Furthermore, PACE employs the 1D algorithm from Zhang et al. (2024), which is theoretically optimal yet untested in real-world deep learning training.

Minor: Adam

We use default PyTorch Adam, which we note is adaptive but still relies on an initial LR as a hyperparameter (in contrast, PACE is insensitive to LR).

Please let us know if you have any other concerns/comments!

The authors made a significant effort to improve the paper, in particular with the addition of baselines. Some concerns still remain, but the modifications grant an increase of my initial assessment.

PS: I'm not able to access the new version of the paper. I'm not sure whether the authors have uploaded it.

Thank you for your thoughtful review and for highlighting the strengths of our work!
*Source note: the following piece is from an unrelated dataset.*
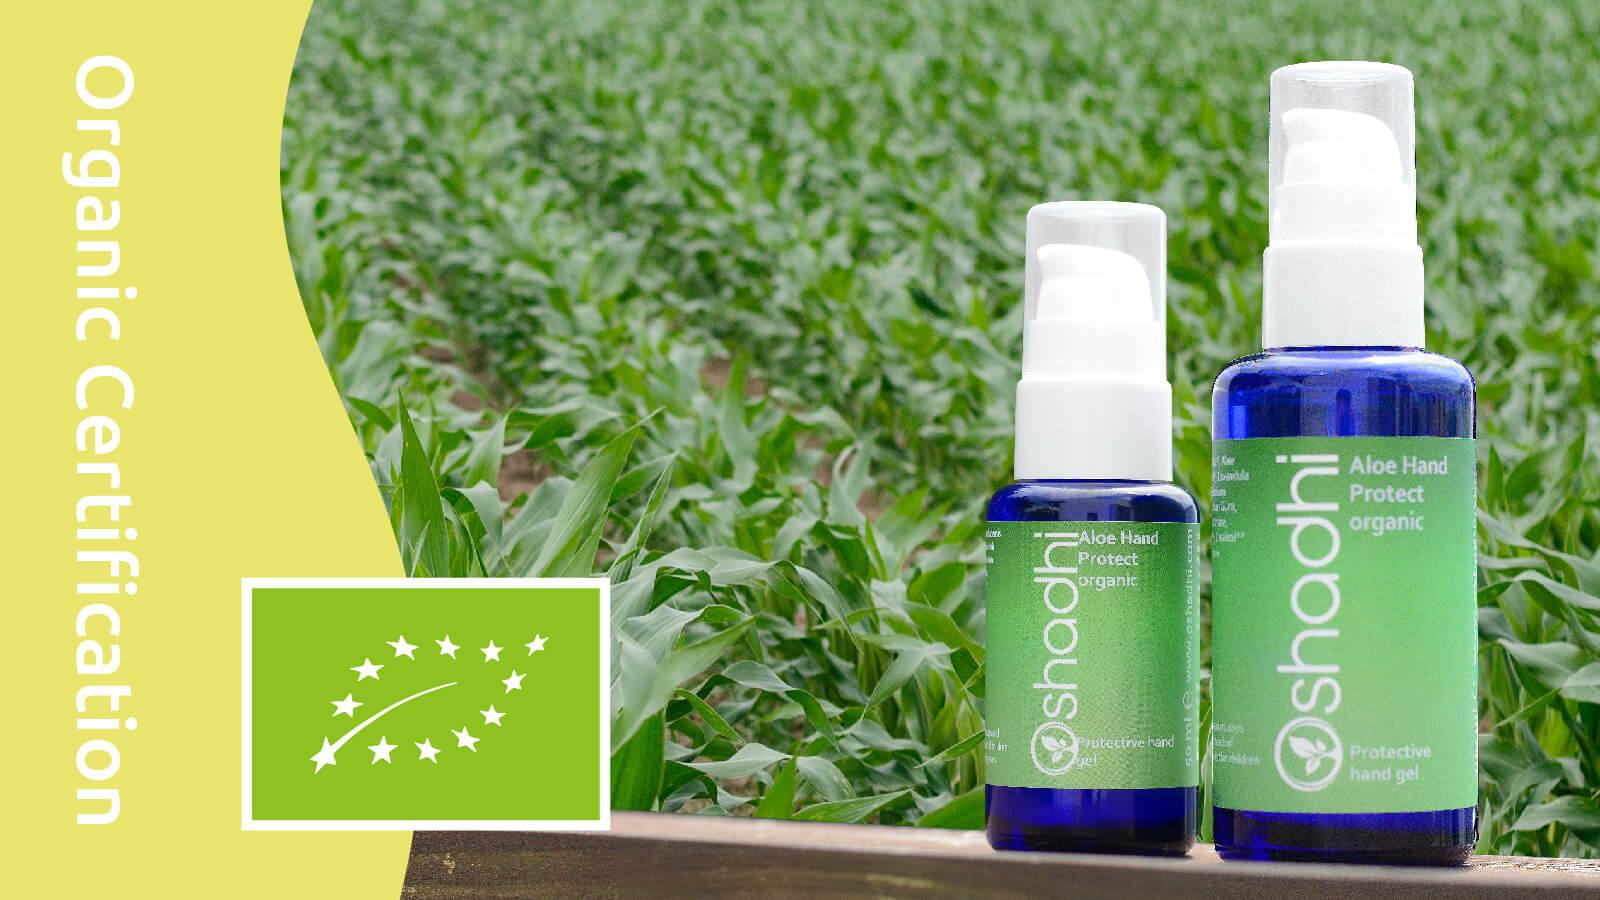 Bio認証マークを取得したオーガニック原料

Layer normalization helps:

Thank you for suggesting the use of layer normalization, as highlighted by Lyle et al. for addressing plasticity loss, in our experiments. We implement layer normalization in our control experiments for both PPO with Adam and PPO with PACE (Figure 3 in Supplementary PDF). Our results show that while layer normalization improves the performance of baseline Adam, it does not outperform PACE. Moreover, we find your hypothesis to be true: PACE with layer normalization performs better than PACE without layer normalization (see Figure 3b in Supplementary PDF).

Comments

• Thank you for your close reading of our method and the appendix. We unfortunately did not have the opportunity to examine the relationship between the parameter norm and our scaling approach, but we are excited to explore this analysis in future work!

• Regarding your question about updating $\theta_{t}^{Base}$ by evaluating the gradients at $\theta_{t}$, intuitively, there is more stability around the reference point. Therefore, updating the gradients from a base update near this safe region helps prevent issues with gradients that might otherwise explode or vanish if updated at $\theta_t$.

• We agree with your observation that the success of parameter-free optimization may not indicate a “hidden” convexity, but rather that these methods may have broader applicability. This is an important point, and future research should indeed investigate why these methods are effective in such settings.

• Regarding Figure 2, we appreciate your feedback and will update the caption to better explain our visual abstraction of the setting.

• You correctly pointed out that in Figure 6, while PACE combats plasticity loss, it may still be affected by it, as the reward does not reach the same level as during the first distribution shift. Although good, we believe PACE's scaling isn’t always optimal, especially in a non-convex setting. There may be a more "optimal" set of scaling values such that the performance is as good as the first task, and this is something that may evolve as parameter-free methods continue to improve.

Please let us know if you have any other concerns or comments, and we'll be glad to address them!